Kafka is open source application that deals with messaging services. It’s used for streaming data process. It’s built by Linkedin. It’s written by Java and Scala. It’s part of Hadoop ecosystem. It’s used widely with Hadoop applications. Kafka works under a cluster (set of machines).
Kafka Architecture
Kafka parts
1- Records: A set of records in key/value with timestamp
2- Topic: is Array or buffer to keep the records. The topic is any node in the cluster. The topic can divide into partitions and segments.
3- Log: Each topic has log. When we divide the topic to different partitions, each partition has log
4- Producer: this part is responsible of sending the records into topics. We could have more than one consumer.

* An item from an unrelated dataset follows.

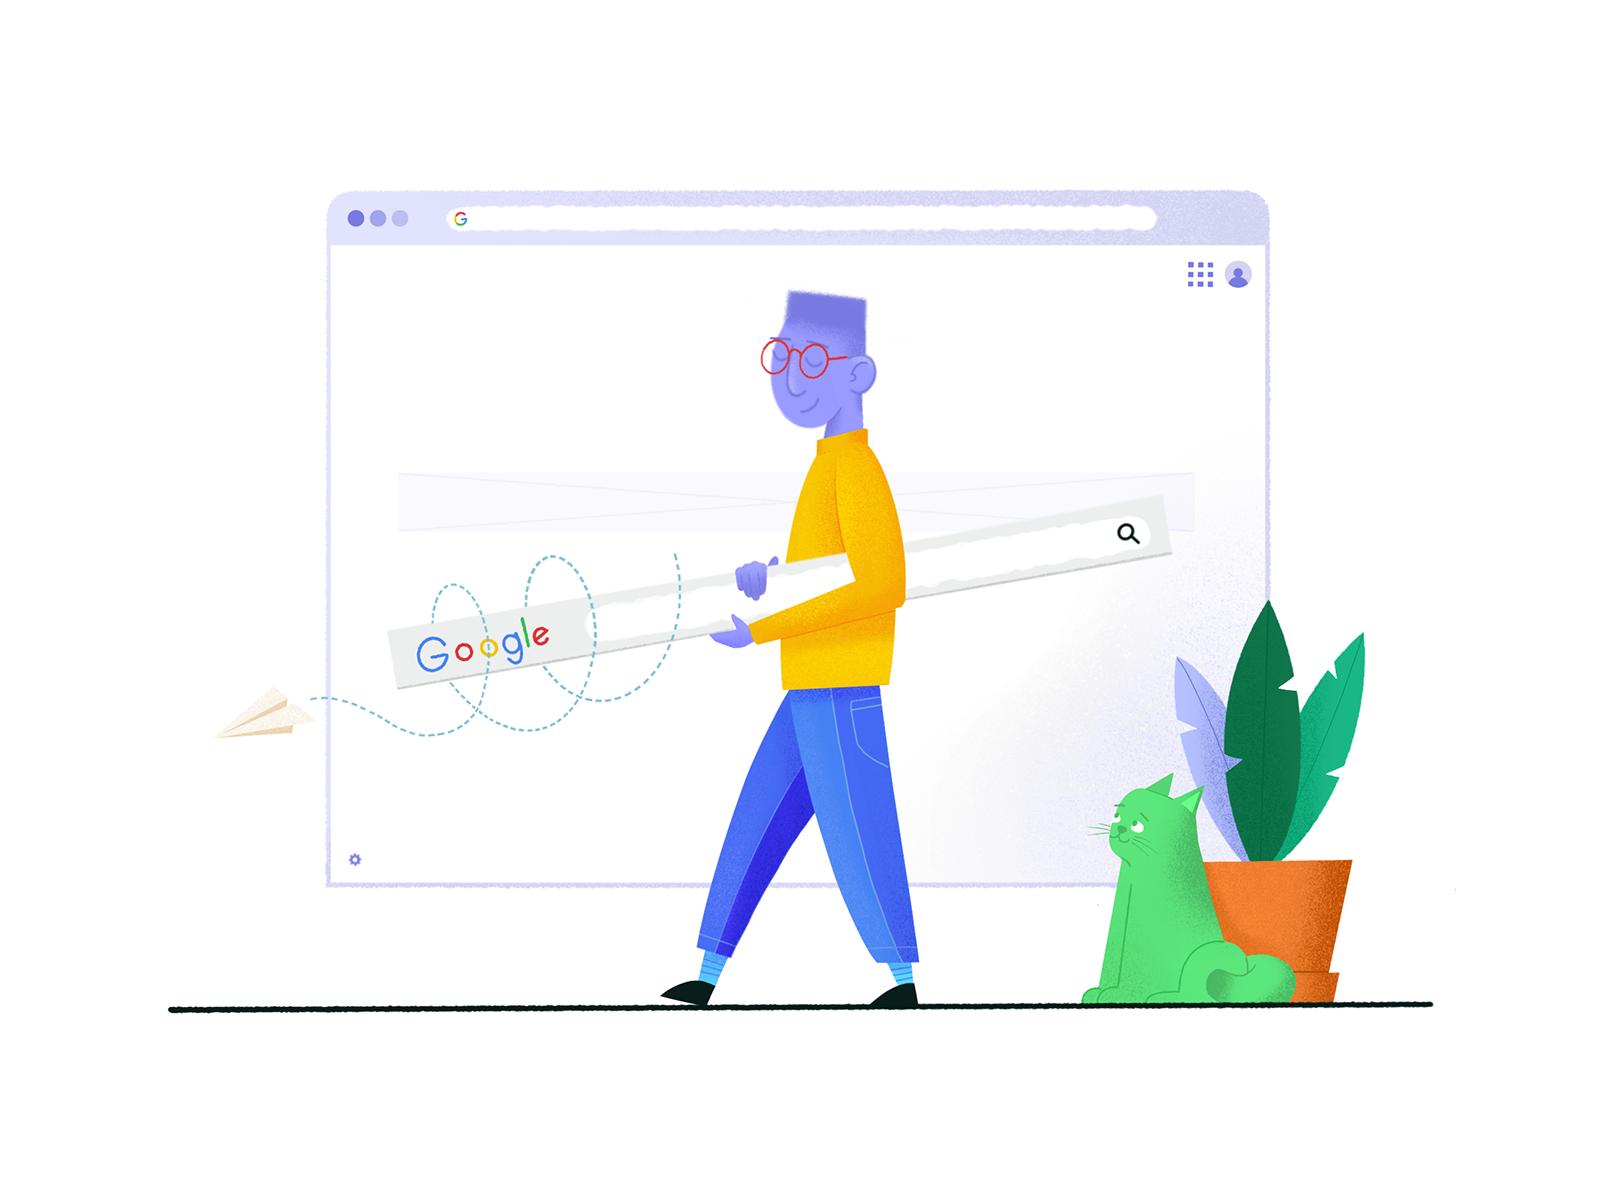 Google 1 1600x1200 4x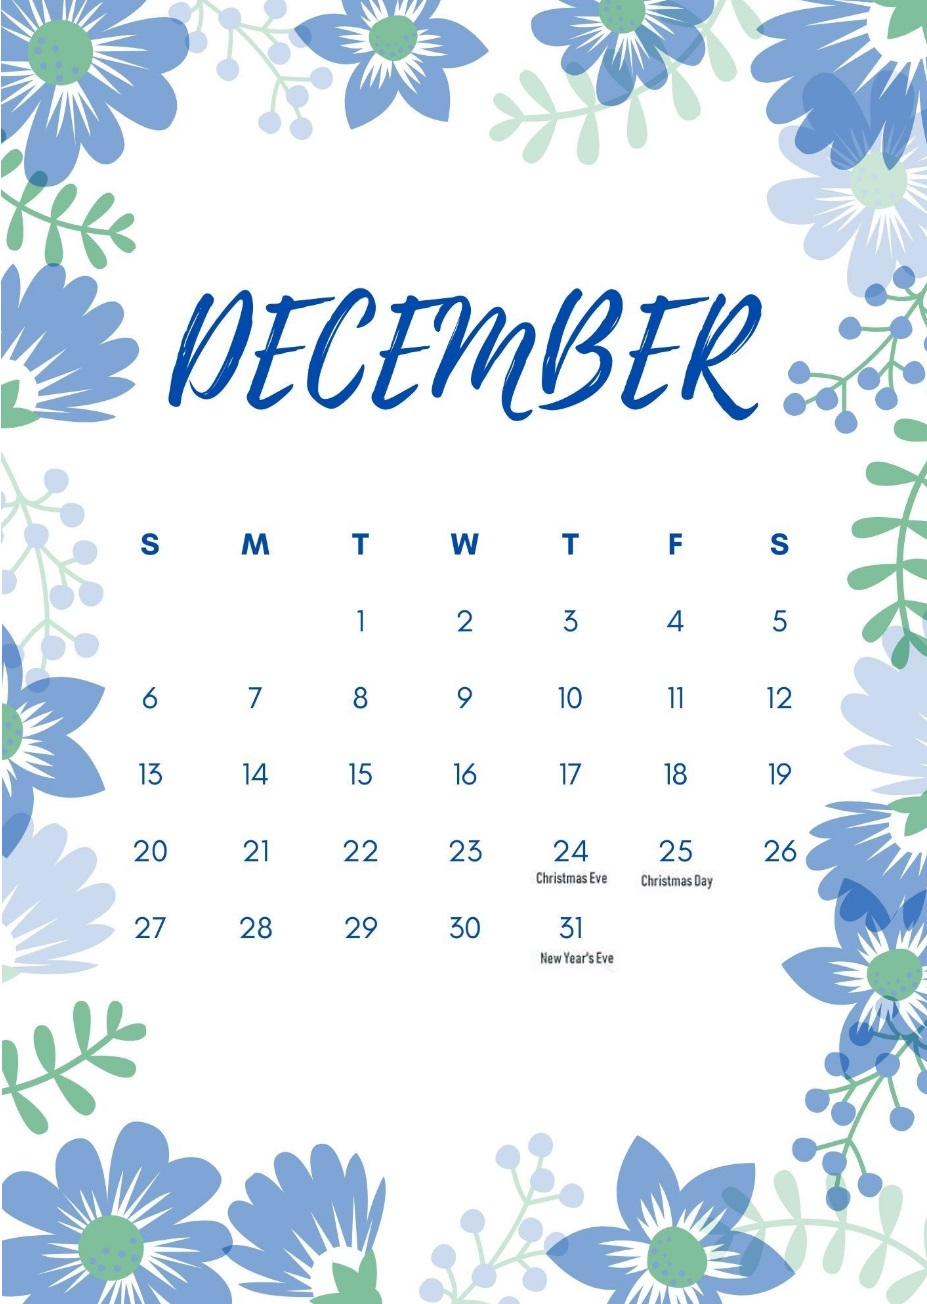 Floral December 2020 Holidays Calendar

5- Consumer: this part is responsible to receive the records from the topic
6- Brokers: is the node in the Kafka cluster that responsible for get the producer’s records and put these records in the topic and send the records to the consumers. Also It’s responsible for replication the topics.
7- Partitions: Each topic can divide into different partitions. Each partition has log. Each log saves on the node.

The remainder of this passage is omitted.